A better map of population density

If you want to produce a map of population density the usual way to go about it is to get some Census data on density in different zones (wards, Census tracts, etc) and plot it like the map below, which shows 2011 population density in London at Middle Super Output Area (MSOA) level (darker colours represent higher density).

This approach has the virtues of being quick and a fairly standard approach, but there are serious drawbacks too. The most serious one is that this map doesn't really show you the distribution of population, because it hides the fact that across large swathes of London there are no people whatsoever. Much of London's area comprises water (only partially represented in the map above in the shape of the Thames), parkland, transport, industrial or commercial property, or some other non-residential use.

Not only do choropleth maps of this kind not show these variations in land use, but by analogy the calculation of population density across the whole area of each zone will greatly understate the 'real' density of population in zones with little residential land. Look at the very centre of the map, for example. That white blob is the City of London, and this map is telling us that it has very low population density, similar to London's semi-rural outskirts. In the sense of 'population per hectare of all land', that's true, because most of the City comprises commercial property with nobody living there. But there are some residential areas in the City and in these areas people live at fairly high densities. So in terms of 'population per hectare of residential land' the map is quite misleading.

We may get a more realistic picture from a dasymetric map. This type of map combines the same kind of population data with separate data on land use, so that only the relevant areas are highlighted. For our purposes we are interested in residential land, and for that I went to the European Environment Agency's Urban Atlas maps of urban land use based on 2006 satellite data. Using R I extracted from the London map the area covered by continuous or discontinuous 'urban fabric' and also any construction sites, as most of these will be for housing. While 'urban fabric' sounds a bit general there are categories for industrial, commercial, transport, water, green, forest, leisure and other land uses so I was fairly confident that it represented residential land reasonably accurately.

Using QGIS I joined this residential land layer to the same data on population at MSOA level from the Census, recalculated population density in each MSOA on the basis of the residential land only, linked the results back onto the residential layer, and mapped it:

Click on the image for a bigger version (or find the full size 7mb behemoth here).

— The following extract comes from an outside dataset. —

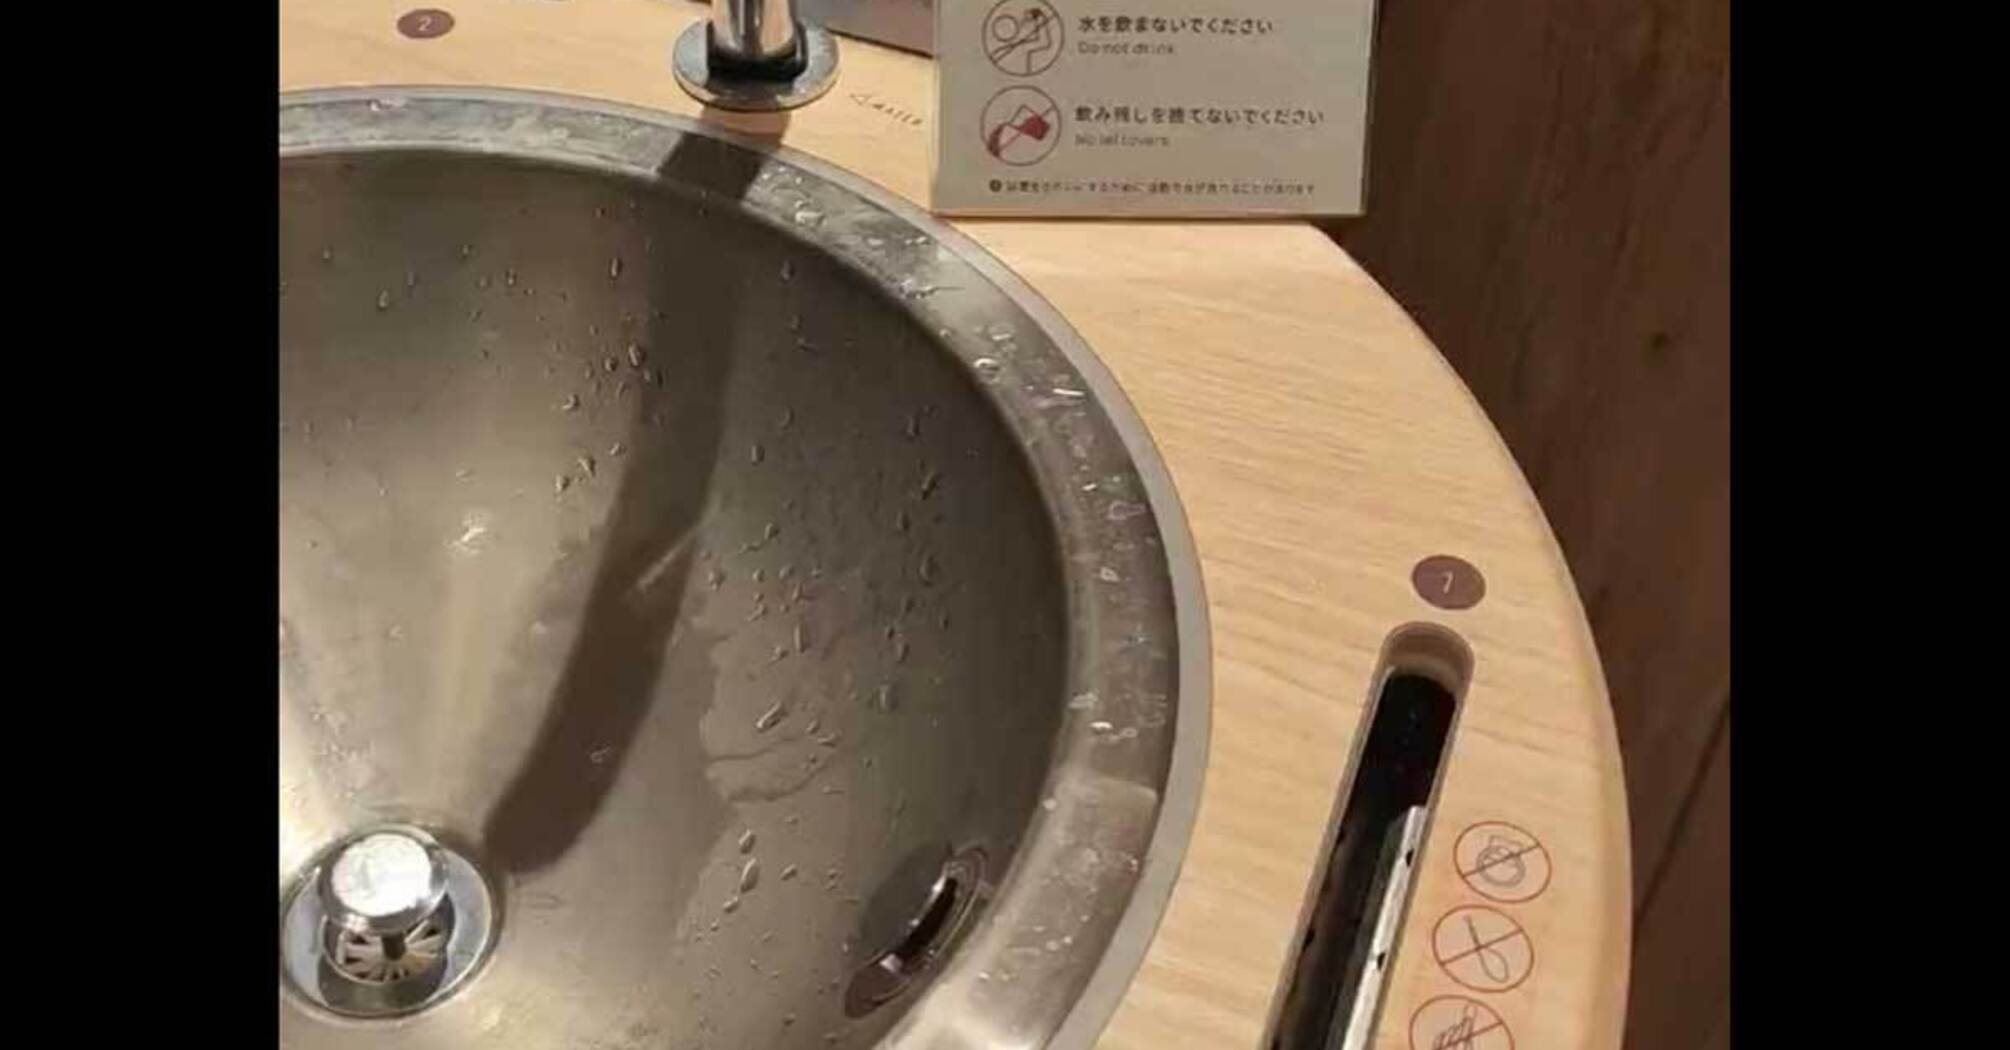 Japanese McDonald's surprised visitors with innovative toilet solutions

What we end up with is, I think, a much better map of London's population density, because it shows only the residential areas (or a close approximation) and it doesn't artificially reduce density in mostly non-residential areas like the City or indeed Bromley or neighbourhoods bordering the Lea valley.

Using this approach also changes the ranking of boroughs in terms of population density. Measured in gross terms (that is, across all land), Islington had the highest population density of any London borough in 2011 at 139 people per hectare. But looking only at residential land Islington's net population density was 181 people per hectare - higher, but not nearly as high as Tower Hamlets at 256. And this makes sense - Tower Hamlets has large areas of non-residential land (much of Canary Wharf, for example), but what residential land it does have tends to be pretty densely occupied.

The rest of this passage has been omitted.